Economic Impact

With more than 20,000 employees, the University of Rochester is, by far, the region’s largest employer and the sixth largest employer in the state.  Its growth has been primarily fueled by added employment at the Medical Center and health system, which has risen 34 percent in the last decade. 

The potential for health care and university-based biomedical research to spur regional economic growth was center stage in 2011, due an economic development initiative launched in July by New York Governor Andrew Cuomo.  The Finger Lakes Regional Economic Development Council, co-chaired by University of Rochester President Joel Seligman, was formed by the Governor to develop a five-year strategic plan for the nine-county region. 

Finger Lakes Plan Request for ProposalA central theme of the Finger Lakes plan was the importance of the region’s growing health care sector and the need to foster academic-industry research and development partnerships.  The region’s high quality and comparatively lower cost health care system – with Medicare and commercial insurers’ costs 20 to 25 percent below the national average – is a key factor attracting companies to expand or relocate to the Finger Lakes. 

The Council identified projects that have a direct impact on URMC research and technology commercialization, which earned funding from the state. These include:

  • $5 million for the University of Rochester Health Sciences Center for Computational Innovation.  This proposed $100 million partnership between the University and IBM – two of the state’s largest employers – will enhance Rochester’s position as a center for biomedical research and a magnet for research funding, scientific talent, and industry and academic collaboration.  The centerpiece of the partnership will be an array of IBM Blue Gene/Q supercomputers creating the world’s most powerful computer system dedicated to biomedical research.
  • $2.5 million for the Finger Lakes Business Accelerator Cooperative.  This proposal will combine and expand the reach of programs provided by High Tech Rochester (a University of Rochester affiliate), RIT’s Venture Creations, and the region’s small business development centers and industrial development agencies into a comprehensive and coordinated system to support early-stage technology companies.  A new hub facility in the Greater Rochester region will enhance the area’s capacity to incubate new life sciences companies. 
  • The state also awarded $300,000 for the Finger Lakes Health Collaborative, a partnership that includes URMC and will improve health by reducing rates of hypertension.

Commercializing Discoveries

Implantable Diagnostic Microchip Wins Patent

implantable chipIn November, the Medical Center received a U.S. patent for an implantable “living chip” technology that can provide doctors with more accurate, real-time information on their patients’ health and alert them to changes in condition.  The technology, developed by URMC cardiologist Spencer Rosero, M.D., has a vast array of potential applications, including in patients with heart failure to detect changes in blood protein levels or to work in conjunction with other implantable devices such as a wireless defibrillator/pacemaker or insulin pumps.  In addition, the company Rosero founded to develop the technology – Physiologic Communications – was acquired by Raland Therapeutics, a Perinton-based firm that focuses on interventional medicine and therapeutic devices.

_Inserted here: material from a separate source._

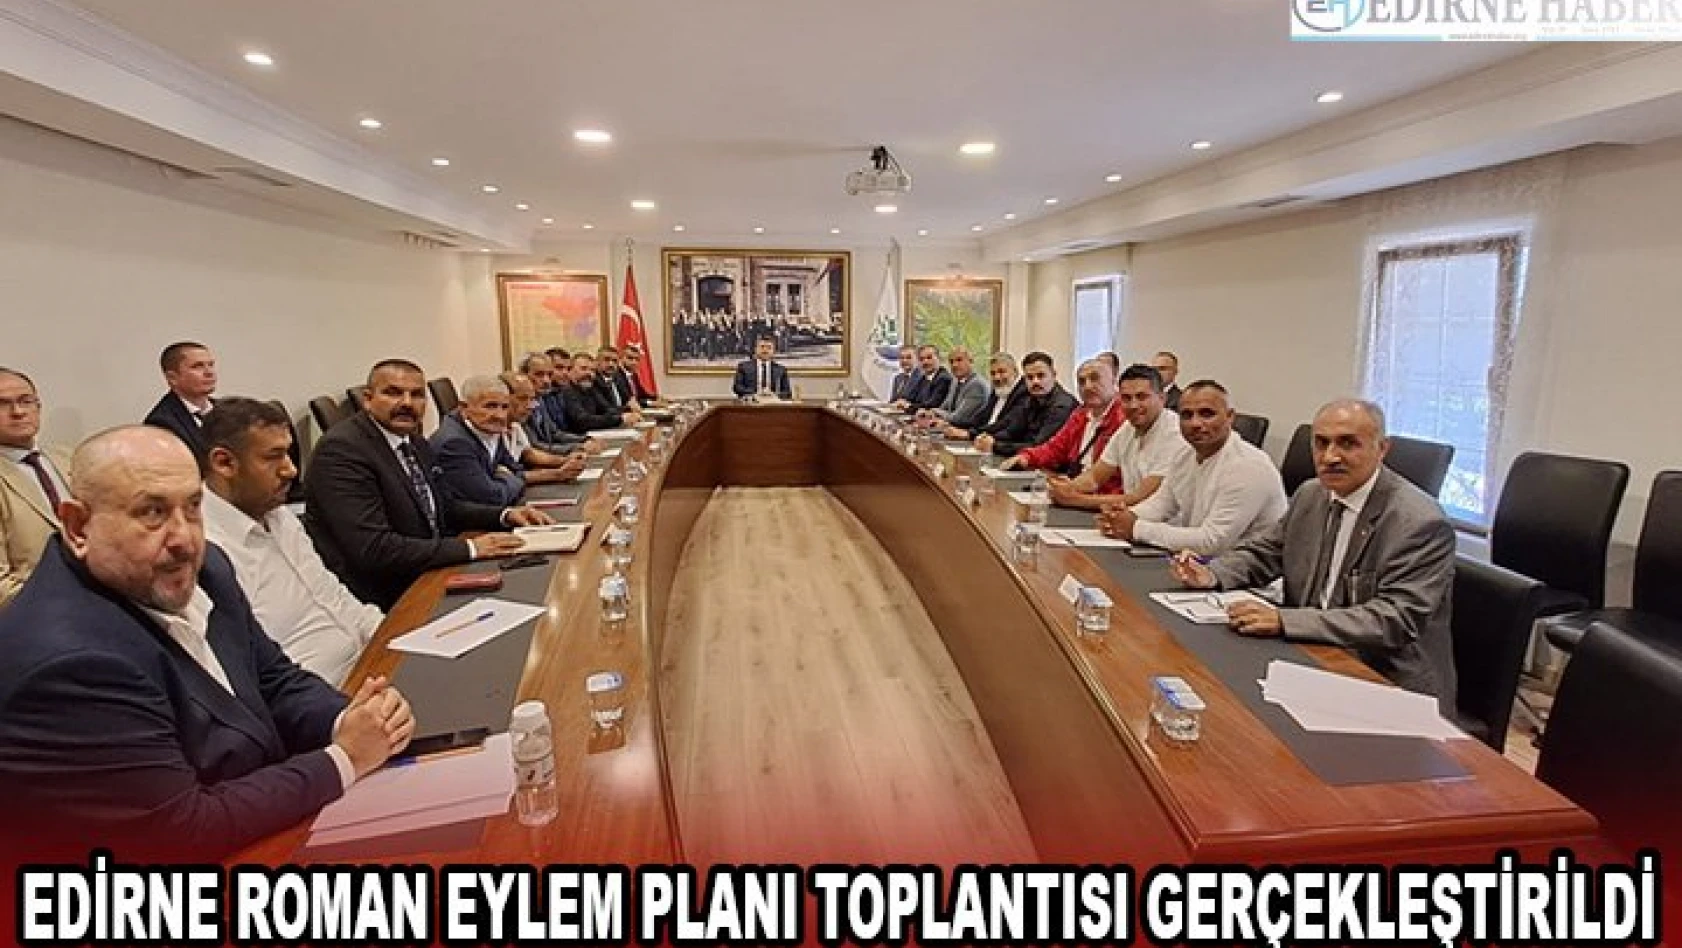 Edirne Roman Eylem Planı toplantısı gerçekleştirildi
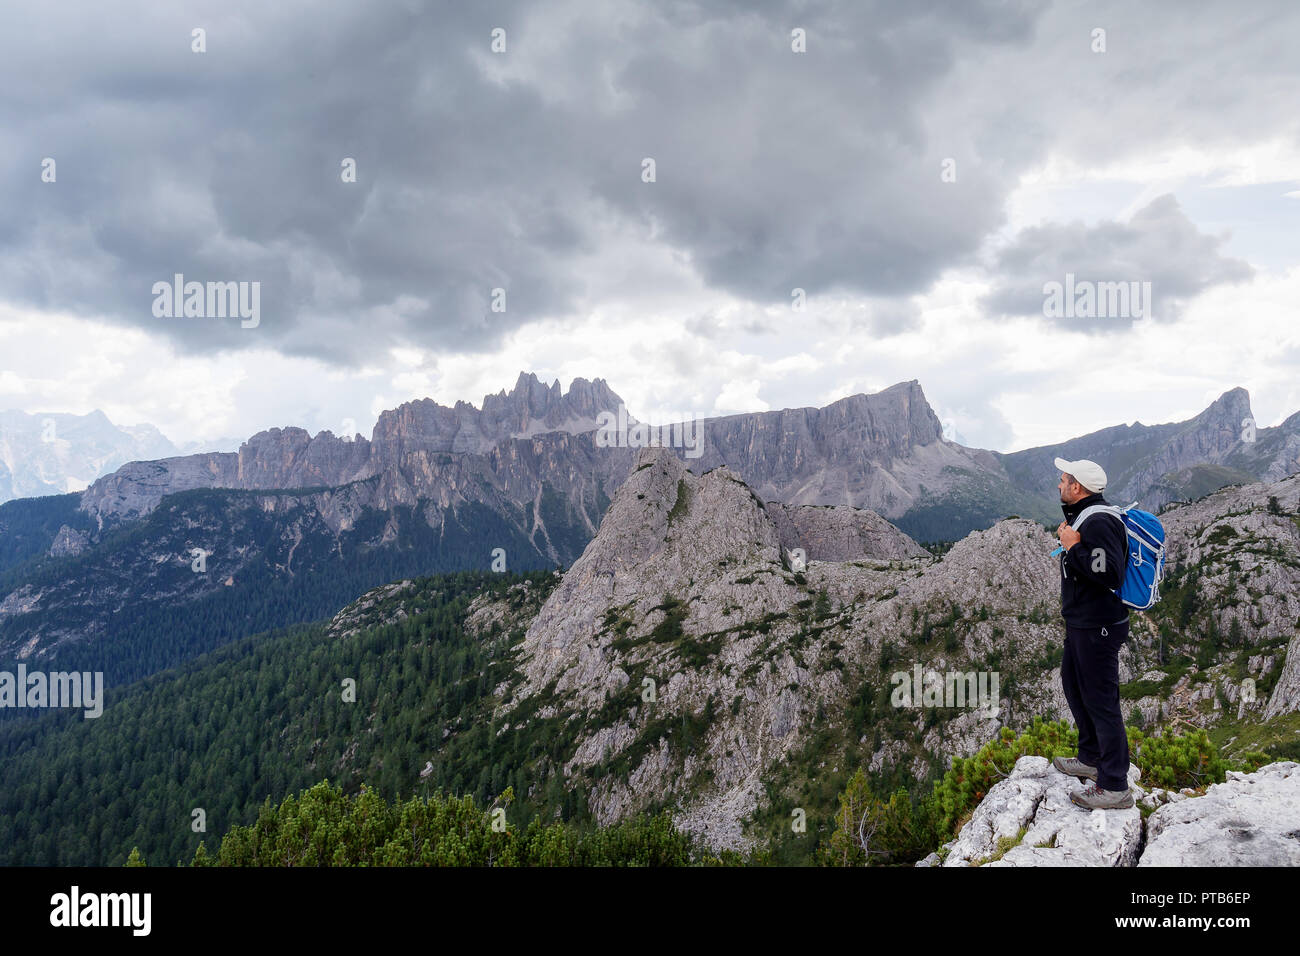 In der wunderschönen alpinen Landschaft eingebettet, ein Mann bewundert die hochalpine Landschaft mit Bergen und bewölktem Himmel. Stockfoto

Clearer Images Lead to New Start-up

A new company was launched to commercialize an imaging technology developed at the Medical Center. Clarelast has licensed a set of software modules and ultrasound probes developed by URMC surgeon Christopher Barry, M.D., Ph.D.  These components, which can be used with existing Doppler ultrasound machines, provide physicians and researchers with more accurate and non-invasive readings of the composition of soft tissue, enabling them to determine fat and fiber content of the liver, help distinguish benign and malignant tumors, and identify blood vessel atherosclerosis.

Technology Transfer Offices Tap Social Media

The Medical Center and River Campus Offices of Technology Transfer (OTT) introduced a suite of online social media tools to keep our scientific community and potential industry partners up to date about the University’s intellectual property and technology commercialization activities.  The OTT social media platforms, which include a Facebook page, LinkedIn group, Twitter feed, and a blog, offer information about the University’s technology transfer process and how to get involved, profiles of technologies, scientists, and start-up companies, event and funding announcements, and technology commercialization news.   

New Patent Law Praised

In September, University officials hailed the President’s signing into law of the Leahy-Smith America Invents Act into law.  The new law, which has implications for University technology commercialization, makes significant changes that clarify and simplify the U.S. patent application process and harmonize the system with the nation’s major trading partners.  Specifically, the law will create new procedures that will improve patent quality and reduce litigation costs.  It will also provide the U.S. Patent and Trademark Office with the resources necessary to resolve the backlog of patent applications and modernize operations.  It currently takes upwards of five years for the office to issue a patent, a delay that hinders efforts to license and commercialize new university technologies.